**What you will do:** Don't include any picture when you restate the data word for word.

**Data excerpt:**
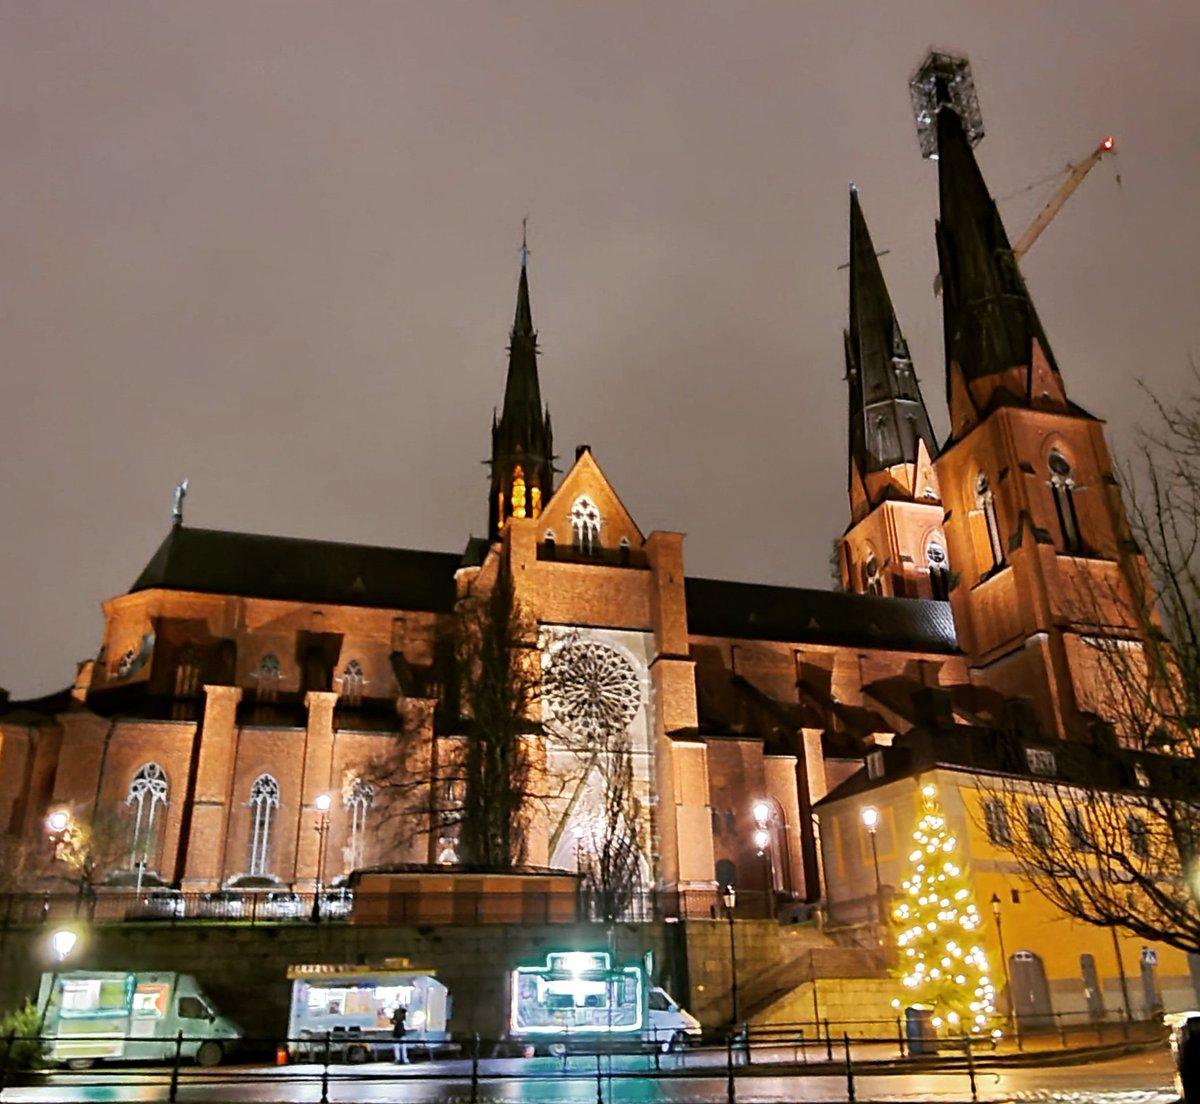 உப்சாலா எனும் பழைய நகரத்தில் உள்ள தேவாலயம். இருட்டில் எவ்ளோ அழகு பாருங்கள் 😊🙏🤩🥳❤️😍💕🥰😘 #uppsala #uppsalacity #uppsalafotografiska #uppsaladomkyrka #sweden #church #churches #NightPhotography #tamilyoutuber #gumbalasuthuvom
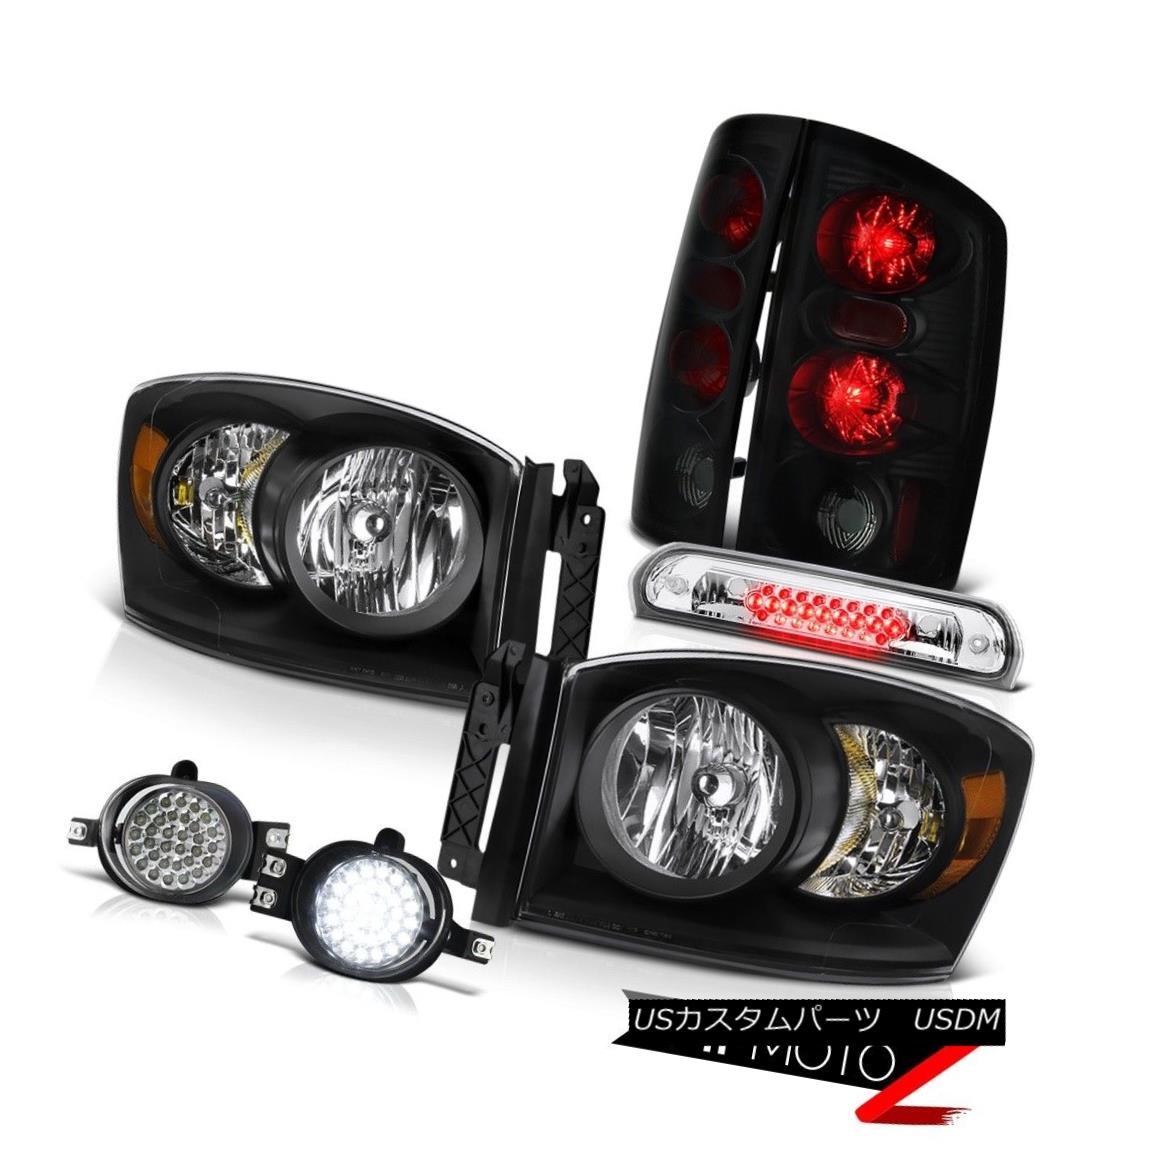 テールライト Raven Black Headlamps Smoke Taillights LED Driving Foglights 2006 Dodge Ram 1500 Raven BlackヘッドランプスモークテールライトLED Driving Fog Lights 2006 Dodge Ram 1500
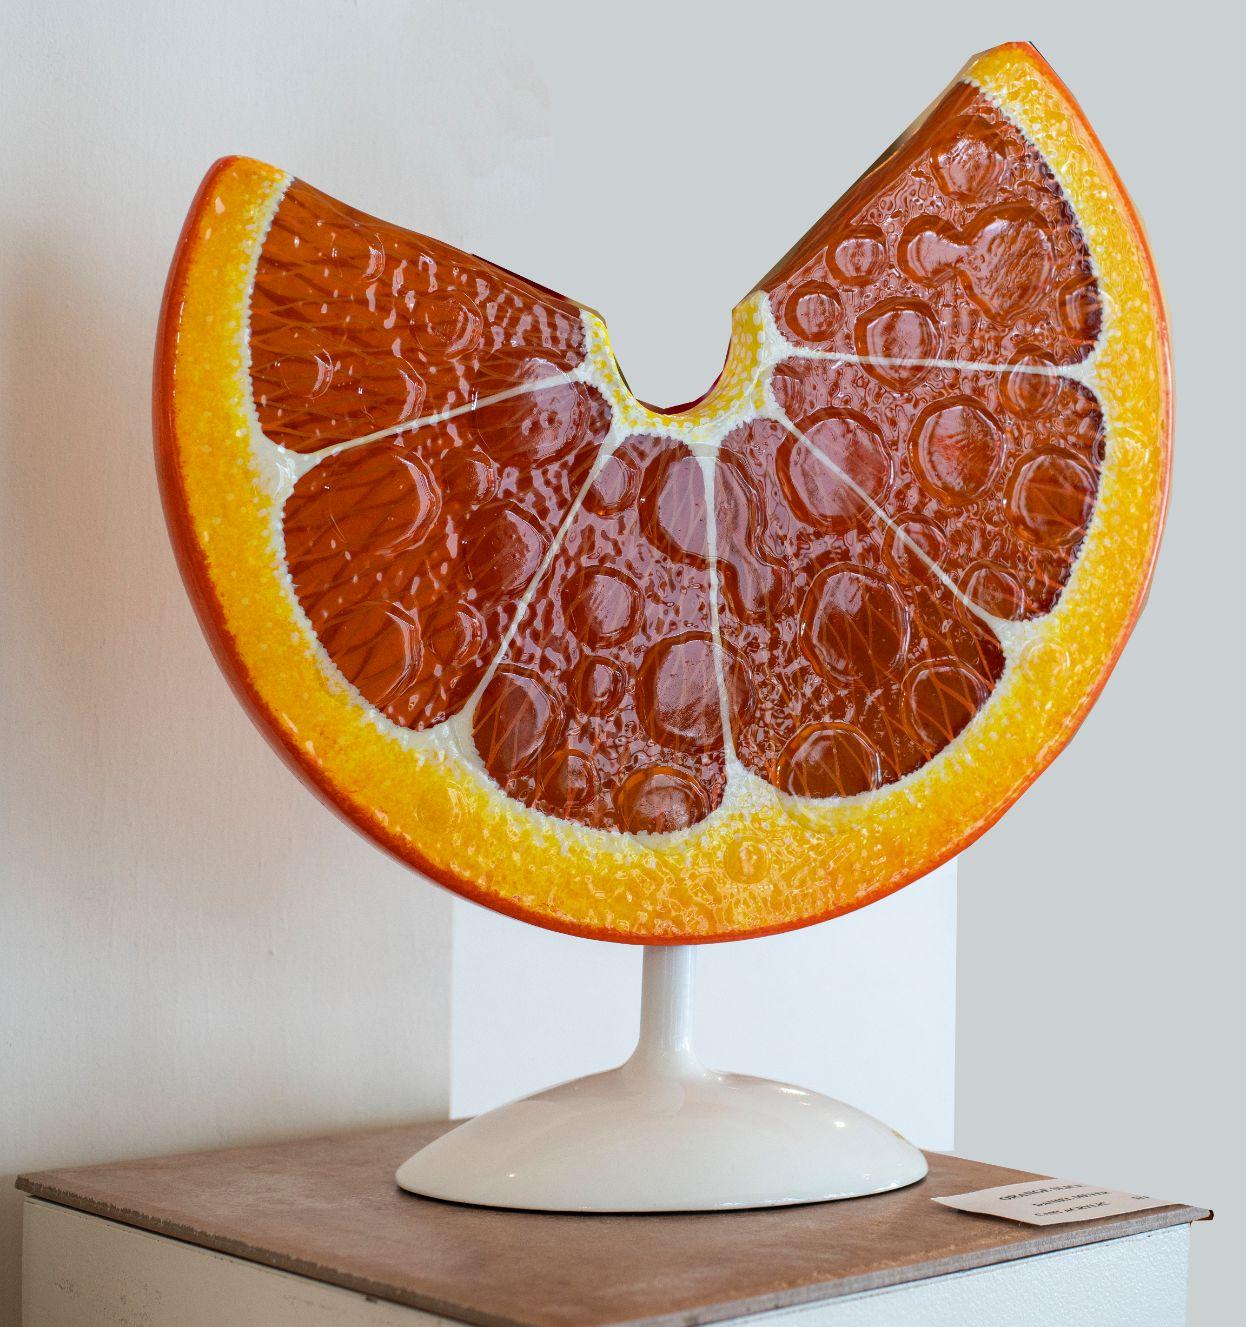 OrangeSlice_DanielMeyer_CastAcrylic_2000

**Answer below:**
 உப்சாலா எனும் பழைய நகரத்தில் உள்ள தேவாலயம். இருட்டில் எவ்ளோ அழகு பாருங்கள் 😊🙏🤩🥳❤️😍💕🥰😘 #uppsala #uppsalacity #uppsalafotografiska #uppsaladomkyrka #sweden #church #churches #NightPhotography #tamilyoutuber #gumbalasuthuvom
 テールライト Raven Black Headlamps Smoke Taillights LED Driving Foglights 2006 Dodge Ram 1500 Raven BlackヘッドランプスモークテールライトLED Driving Fog Lights 2006 Dodge Ram 1500
 OrangeSlice_DanielMeyer_CastAcrylic_2000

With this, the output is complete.